:: Entries shown ::

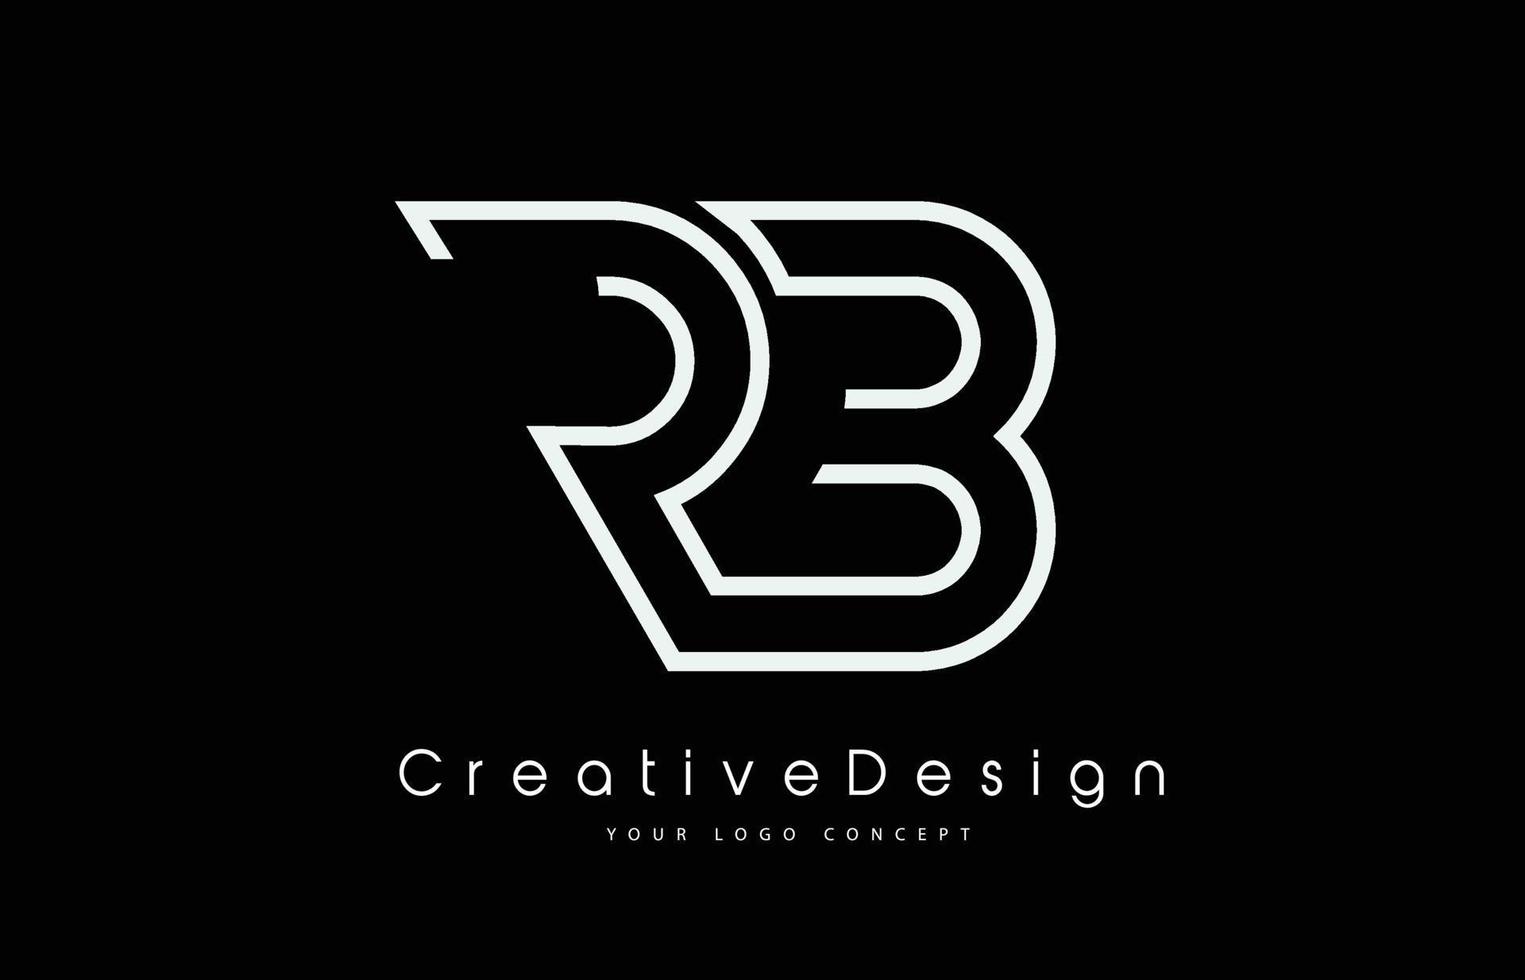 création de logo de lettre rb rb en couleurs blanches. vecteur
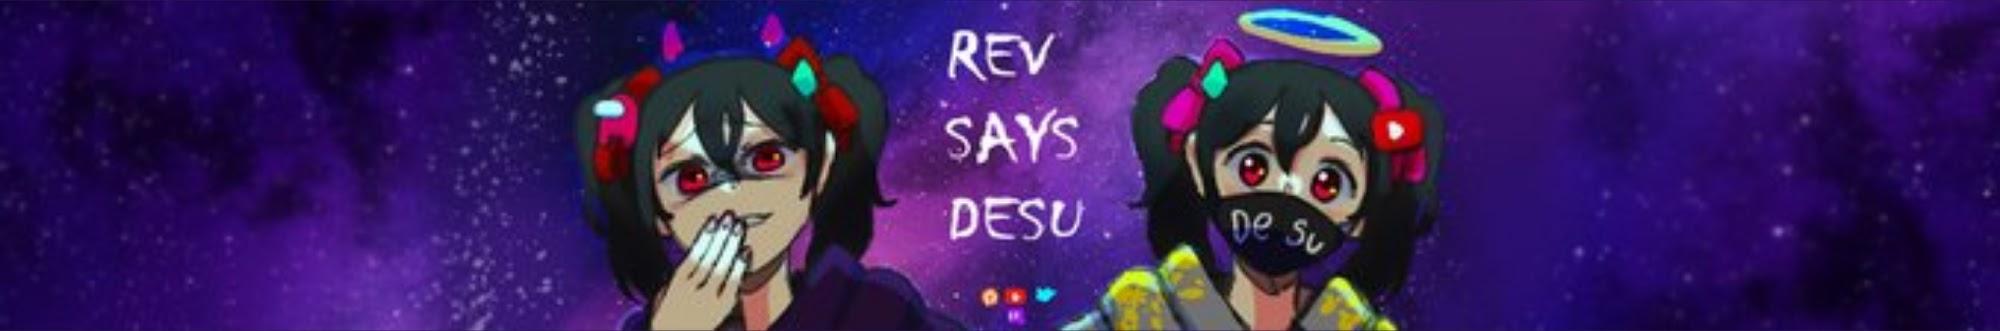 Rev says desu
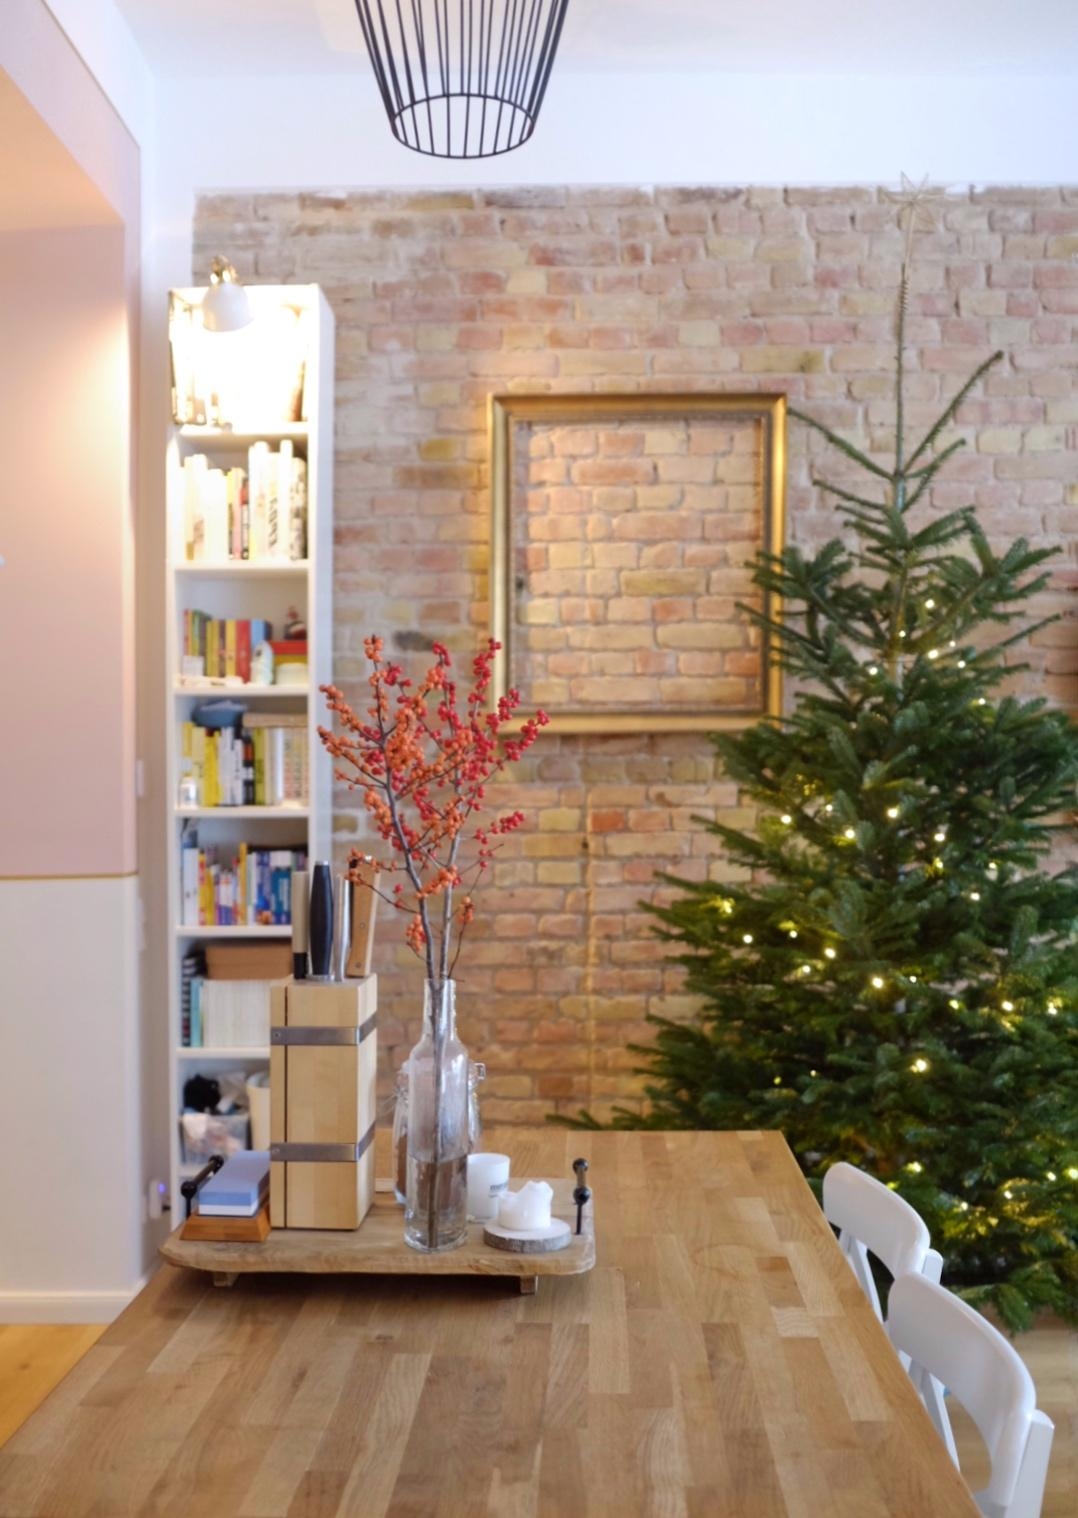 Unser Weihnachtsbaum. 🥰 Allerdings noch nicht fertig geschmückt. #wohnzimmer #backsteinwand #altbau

* * *

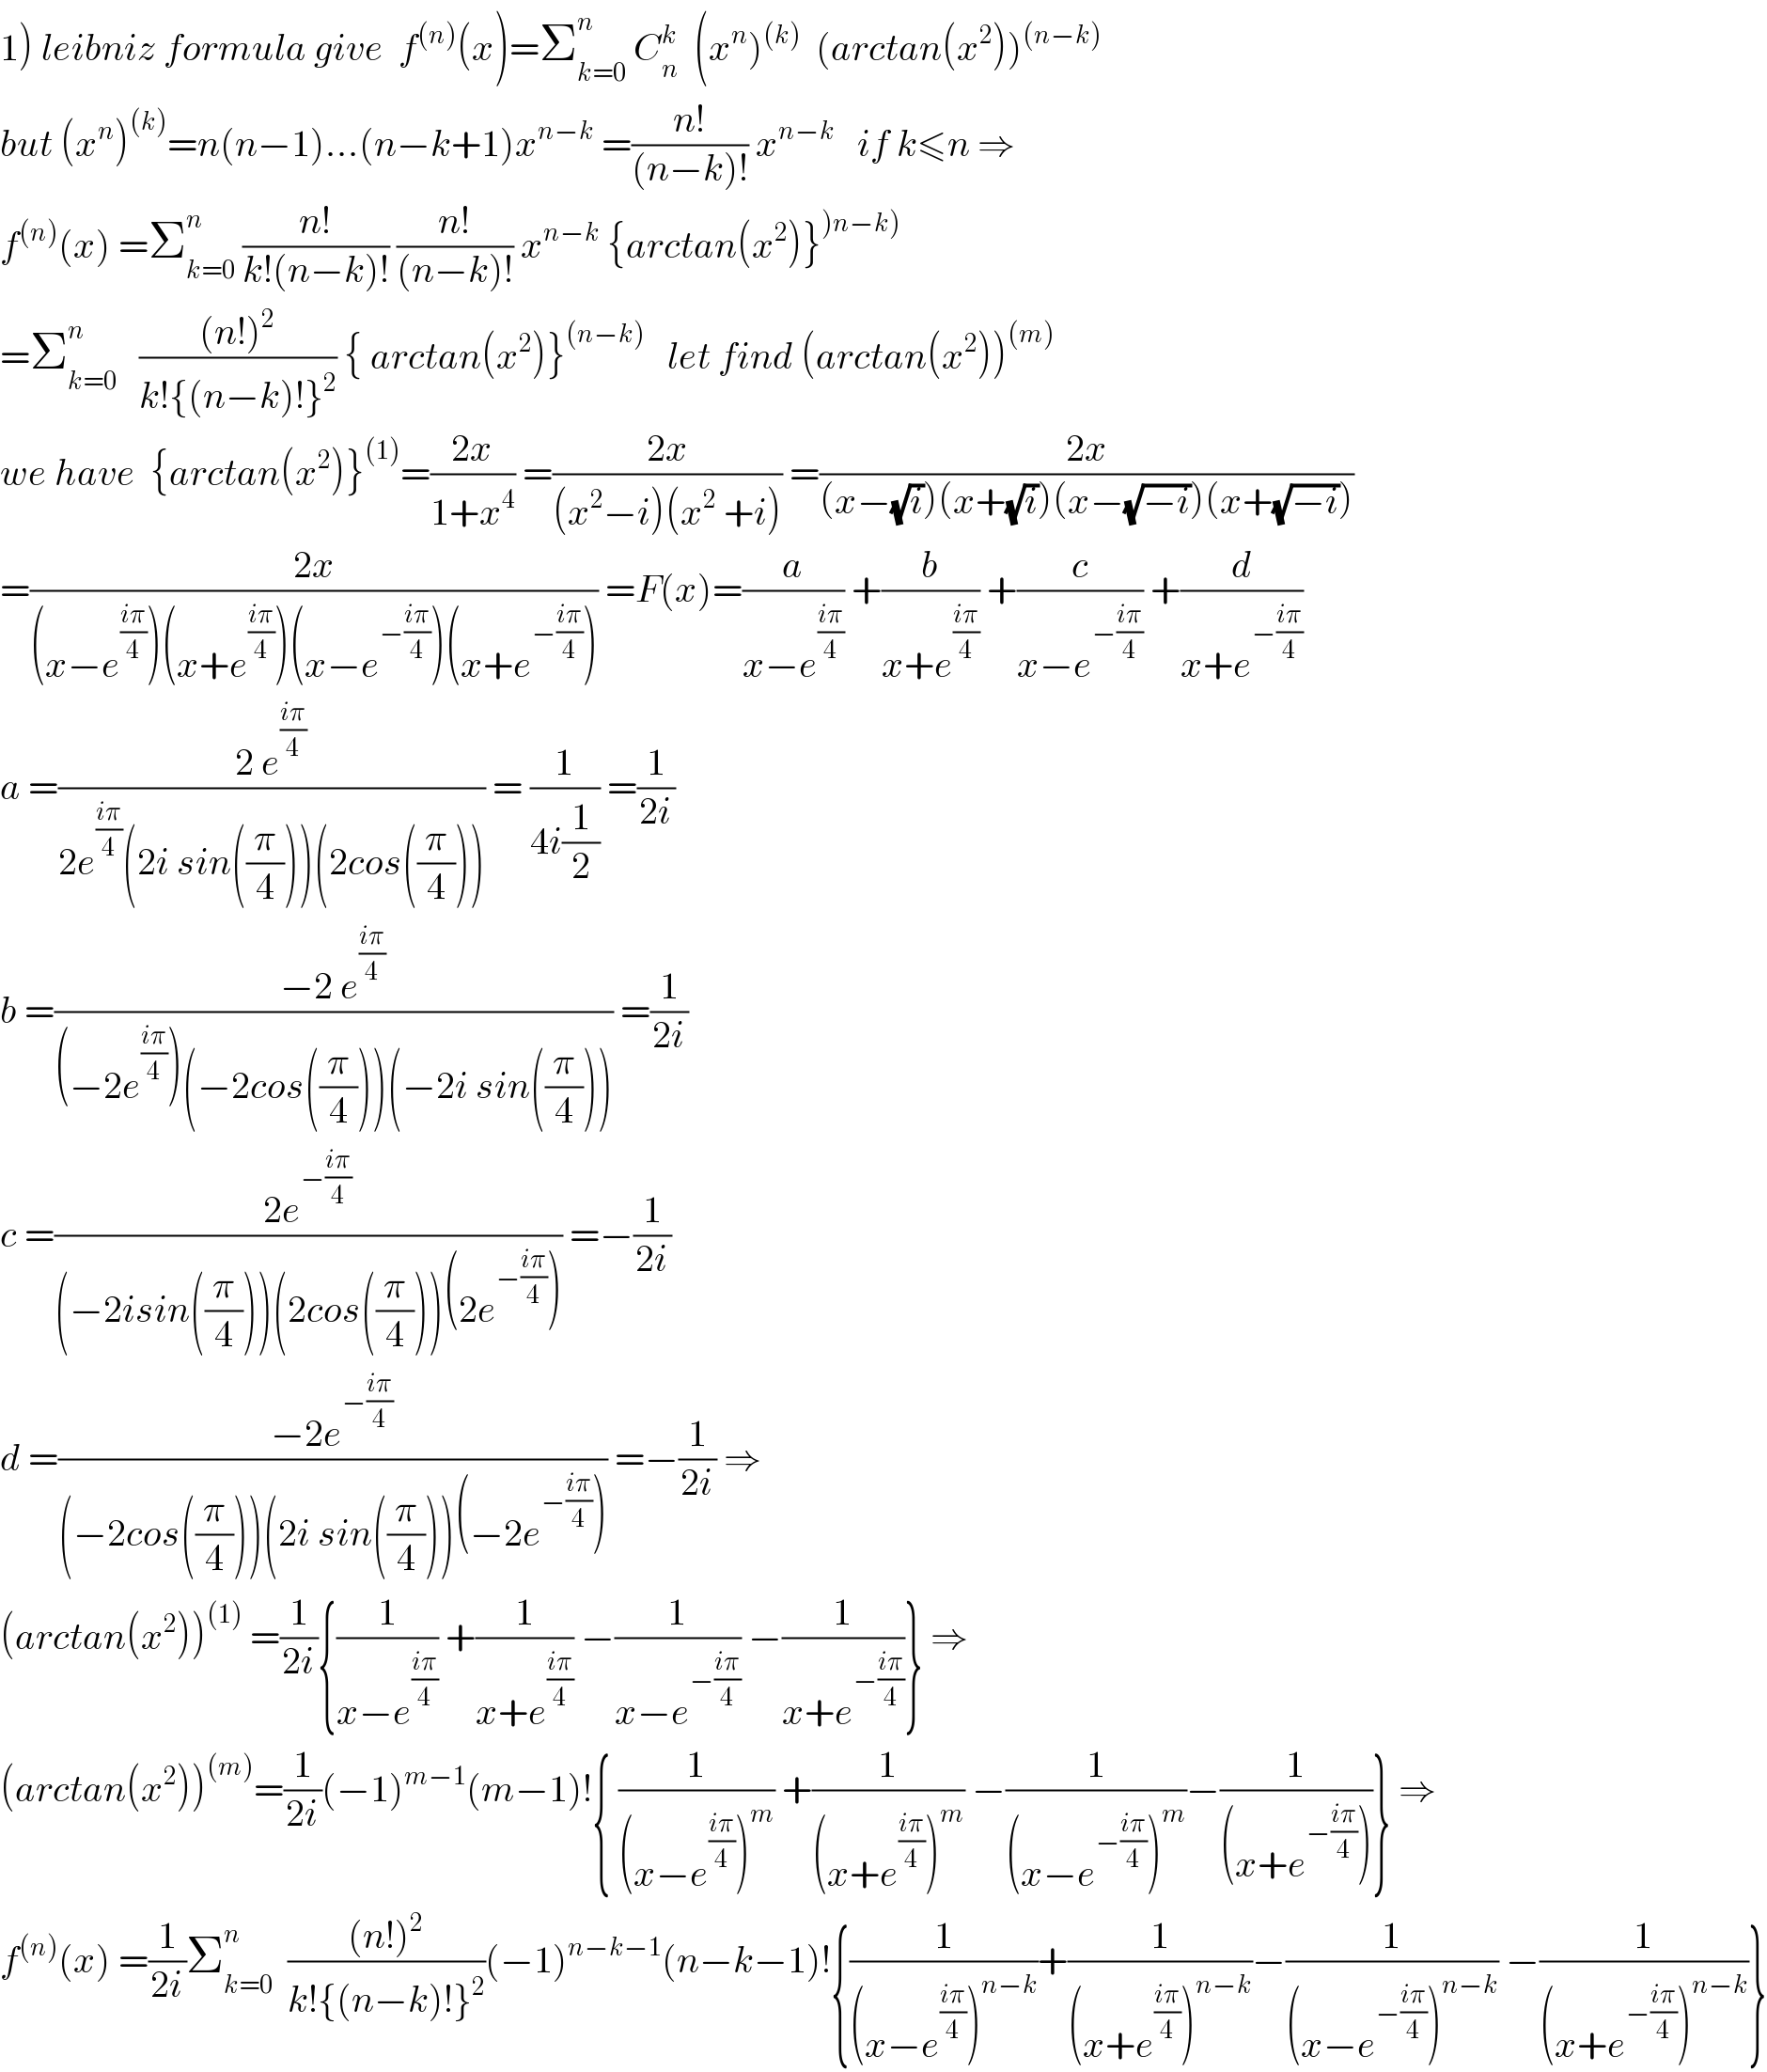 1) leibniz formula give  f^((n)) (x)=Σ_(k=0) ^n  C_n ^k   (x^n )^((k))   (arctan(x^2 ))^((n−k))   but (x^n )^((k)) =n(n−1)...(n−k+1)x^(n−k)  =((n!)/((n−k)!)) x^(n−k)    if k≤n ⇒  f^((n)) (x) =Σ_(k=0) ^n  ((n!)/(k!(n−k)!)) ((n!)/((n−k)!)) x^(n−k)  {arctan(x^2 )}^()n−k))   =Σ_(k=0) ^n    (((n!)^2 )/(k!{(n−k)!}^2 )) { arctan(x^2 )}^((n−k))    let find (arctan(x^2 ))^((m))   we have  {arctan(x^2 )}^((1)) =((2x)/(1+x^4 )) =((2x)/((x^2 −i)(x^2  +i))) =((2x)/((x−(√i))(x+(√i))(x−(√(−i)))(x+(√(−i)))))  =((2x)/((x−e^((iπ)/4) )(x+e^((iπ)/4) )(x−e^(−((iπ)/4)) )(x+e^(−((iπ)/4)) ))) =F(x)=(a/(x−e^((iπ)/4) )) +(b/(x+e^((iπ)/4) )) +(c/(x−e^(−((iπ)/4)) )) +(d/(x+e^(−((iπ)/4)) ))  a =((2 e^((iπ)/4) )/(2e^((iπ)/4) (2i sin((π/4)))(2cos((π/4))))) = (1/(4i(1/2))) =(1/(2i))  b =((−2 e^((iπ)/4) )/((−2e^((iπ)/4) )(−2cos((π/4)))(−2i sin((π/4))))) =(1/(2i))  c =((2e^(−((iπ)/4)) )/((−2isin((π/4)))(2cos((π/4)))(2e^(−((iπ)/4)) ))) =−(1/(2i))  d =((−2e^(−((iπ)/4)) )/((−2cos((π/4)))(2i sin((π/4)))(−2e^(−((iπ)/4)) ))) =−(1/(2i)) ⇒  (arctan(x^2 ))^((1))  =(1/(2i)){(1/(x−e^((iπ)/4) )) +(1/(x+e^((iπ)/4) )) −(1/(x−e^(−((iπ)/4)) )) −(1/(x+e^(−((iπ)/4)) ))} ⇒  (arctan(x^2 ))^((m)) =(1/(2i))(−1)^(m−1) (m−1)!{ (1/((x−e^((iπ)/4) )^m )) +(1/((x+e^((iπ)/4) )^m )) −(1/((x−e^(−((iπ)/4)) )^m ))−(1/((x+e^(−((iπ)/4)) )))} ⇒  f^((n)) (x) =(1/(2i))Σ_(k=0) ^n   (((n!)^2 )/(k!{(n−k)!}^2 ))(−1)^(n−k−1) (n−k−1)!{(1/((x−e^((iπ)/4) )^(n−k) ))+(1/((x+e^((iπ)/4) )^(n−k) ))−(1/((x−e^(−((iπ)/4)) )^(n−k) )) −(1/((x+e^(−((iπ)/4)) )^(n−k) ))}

--

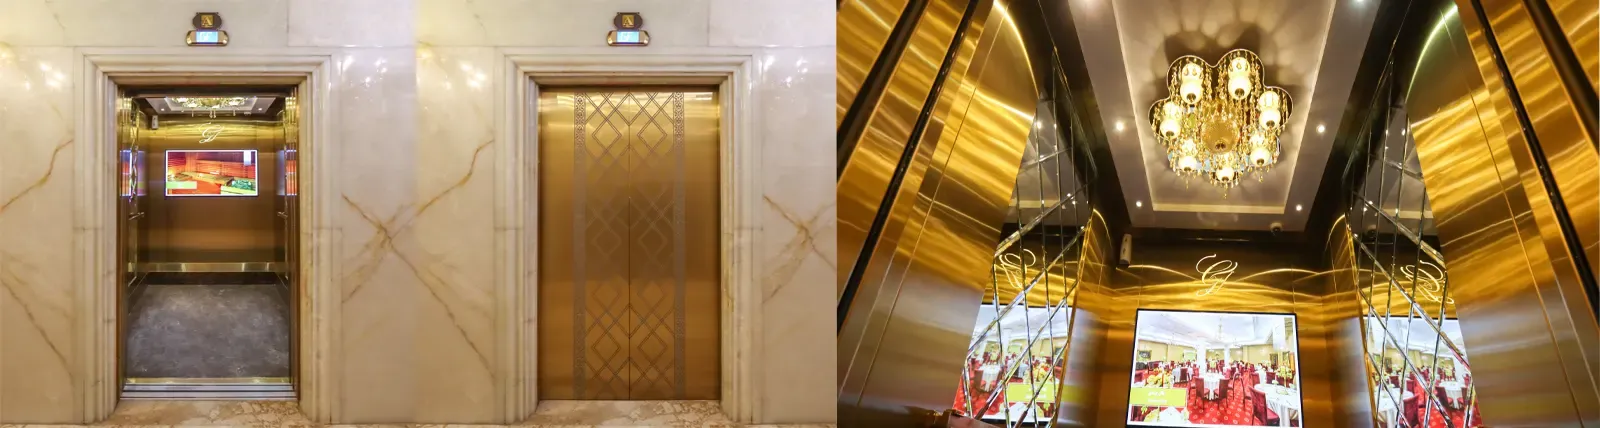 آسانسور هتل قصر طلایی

:: Exercise ::
Work from the entries above. Set down exactly and only the lines from the line with "Rev says desu" to the line with "Unser Weihnachtsbaum. 🥰", both included, and leave the pictures out.

:: Written solution ::
 Rev says desu
 Unser Weihnachtsbaum. 🥰 Allerdings noch nicht fertig geschmückt. #wohnzimmer #backsteinwand #altbau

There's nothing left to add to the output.